As we concentrated our energies and a good deal of money on Central and Eastern Europe, we always looked beyond that territory, because we were aware that the Eastern border of the enlarged European Union brought us closer to Russia. We wanted to make sure that, over time, that border would become less of a dividing line and more of a connecting line. In 1994 we defined a policy, the Partnership Cooperation Agreement, which many may not know about but which is a good agreement, though not yet fully implemented. In May of 2003, EU heads of state and government also met in Saint Petersburg, because we had a distinct feeling that after all that had happened in previous months we should be more courageous and more imaginative and move forward.  

During those meetings, based on developments mainly inside Russia, we decided to do four things: 

  • Create a common economic space for free movement of goods, services, and capital. To our American friends I say, this is a very ambitious and very demanding goal. You will see when you analyze the Russian press that the European Union is not held in the highest regard there. This is mainly because we must do a lot of very hard work in a practical way-we must always check that the Russians and their agencies can implement whatever we agree to and sign, which makes for a very uncomfortable situation. It makes us look like a schoolmaster, and makes us very unpopular. 
  • Create a second space, one of internal security. On the issue of internal security I can report to you that I see a distinctive change in Russian thinking, one that is very welcome. The Russian theory has been that their outside border is their country's  protective skin. That is no longer the case. Though we realized this too late, I think we are now moving toward something positive. We are looking at internal security and what produces it, starting with the quality of passports and identification of passport holders. It is a very tedious, technical process, but one that is extremely important. 
  • Create a third space, one of common security and one that involves assessing threats to our immediate area to the south. Our threat assessment there is similar to that of Russia and the United States too. 
  • Create a fourth space, one in which people can move freely for such things as education and holidays. This space will require the resolution of some of the internal security issues. 

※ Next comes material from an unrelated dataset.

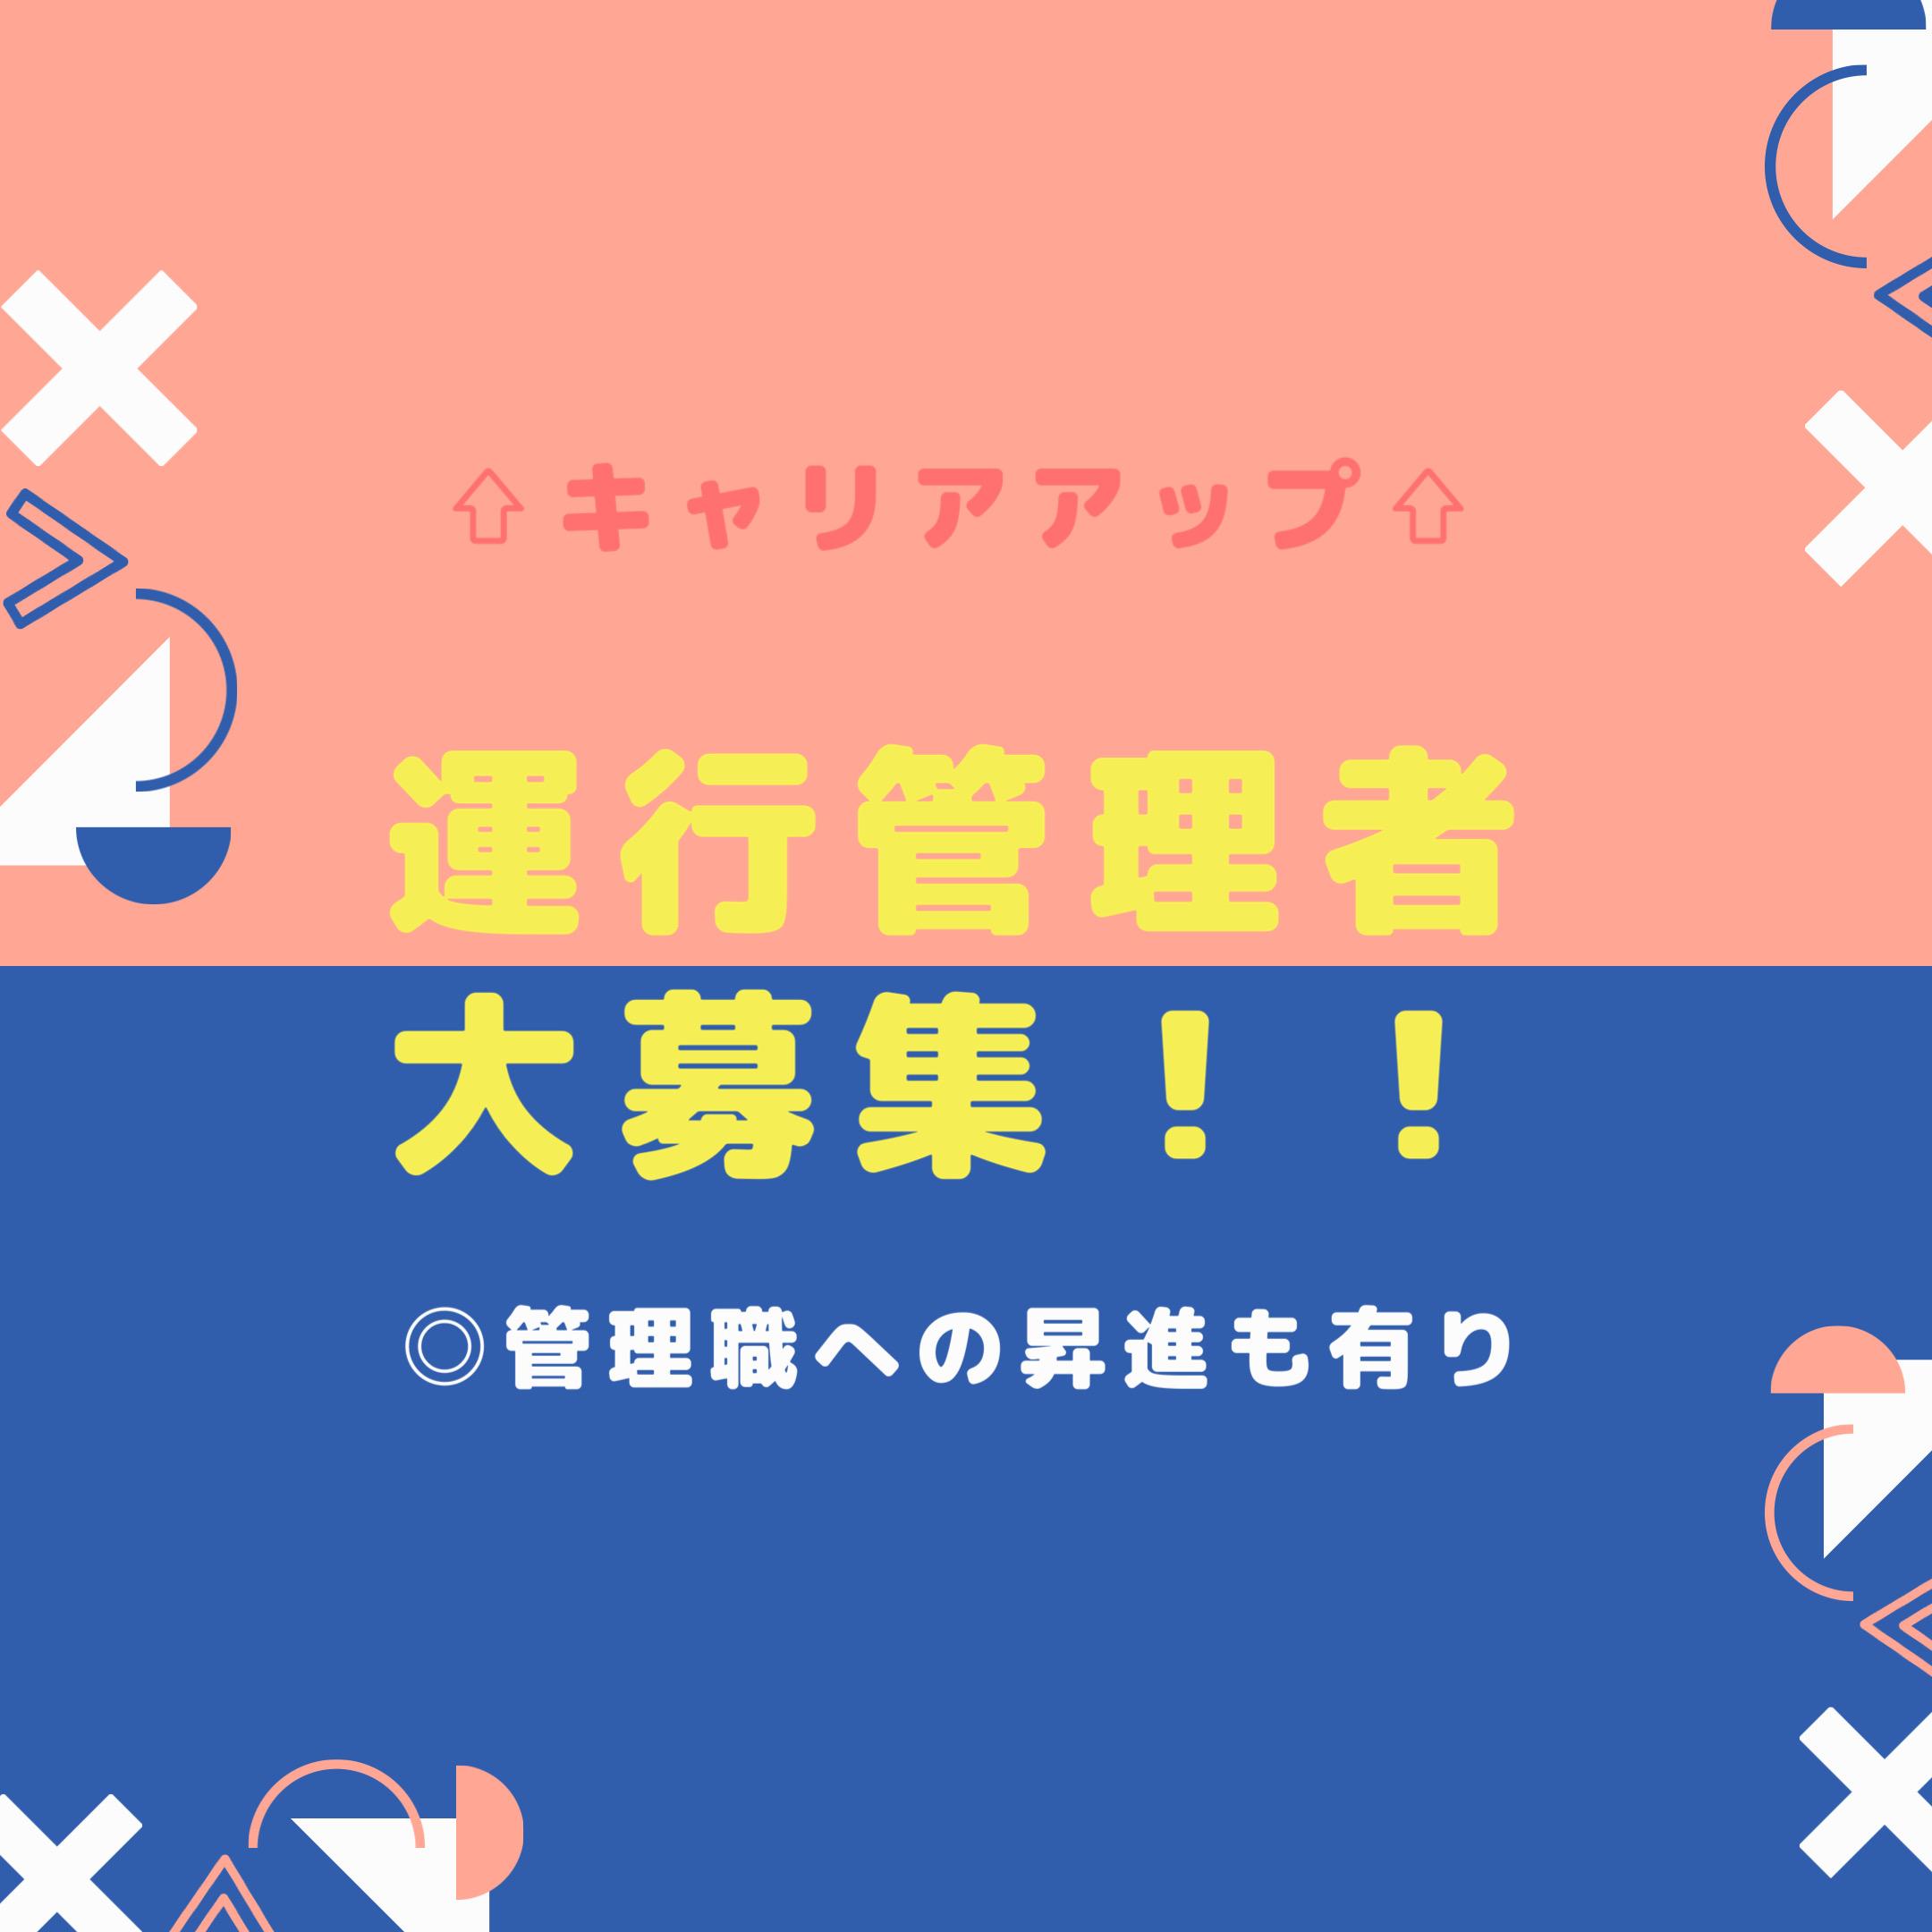 月27万円以上!高収入・正社員の運行管理者 イメージ
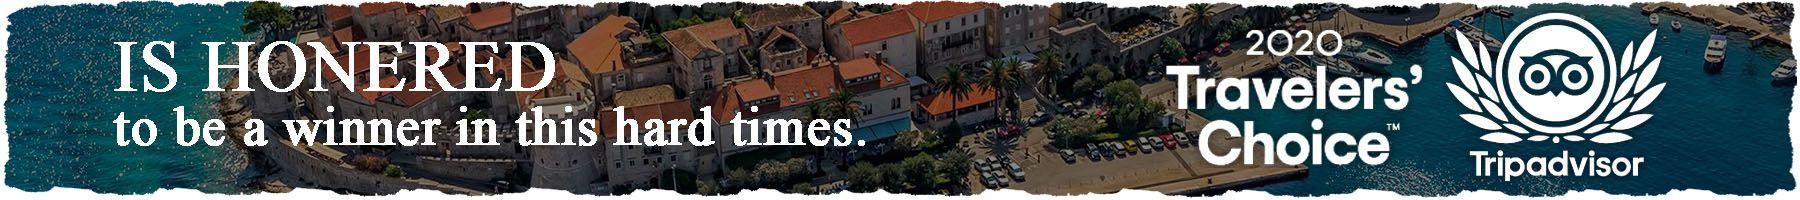 TripAvisor Europe Yachts Charter Catamarans

We are coordinating efforts to accomplish all of these things with the help of the United States, and I at least have the impression that we are following a common agenda. We have agreed to Russian membership in the G8 and are working to get Russia into the WTO, the OECD, the Paris energy agency, and other organizations. 


While the above efforts may not seem to be directly related to promoting global security, I suggest that it will help to make this part of the world a stable, predictable, and friendly place, one where conflicts of interest may still arise but can be settled in a civilized way. These efforts are a tremendous contribution to dealing with the new challenges and to increasing the possibility of developing mutual trust and achieving common goals. Therefore I encourage you to look positively on what we are trying to do, even if it is not a solution to the problems associated with the use of military force.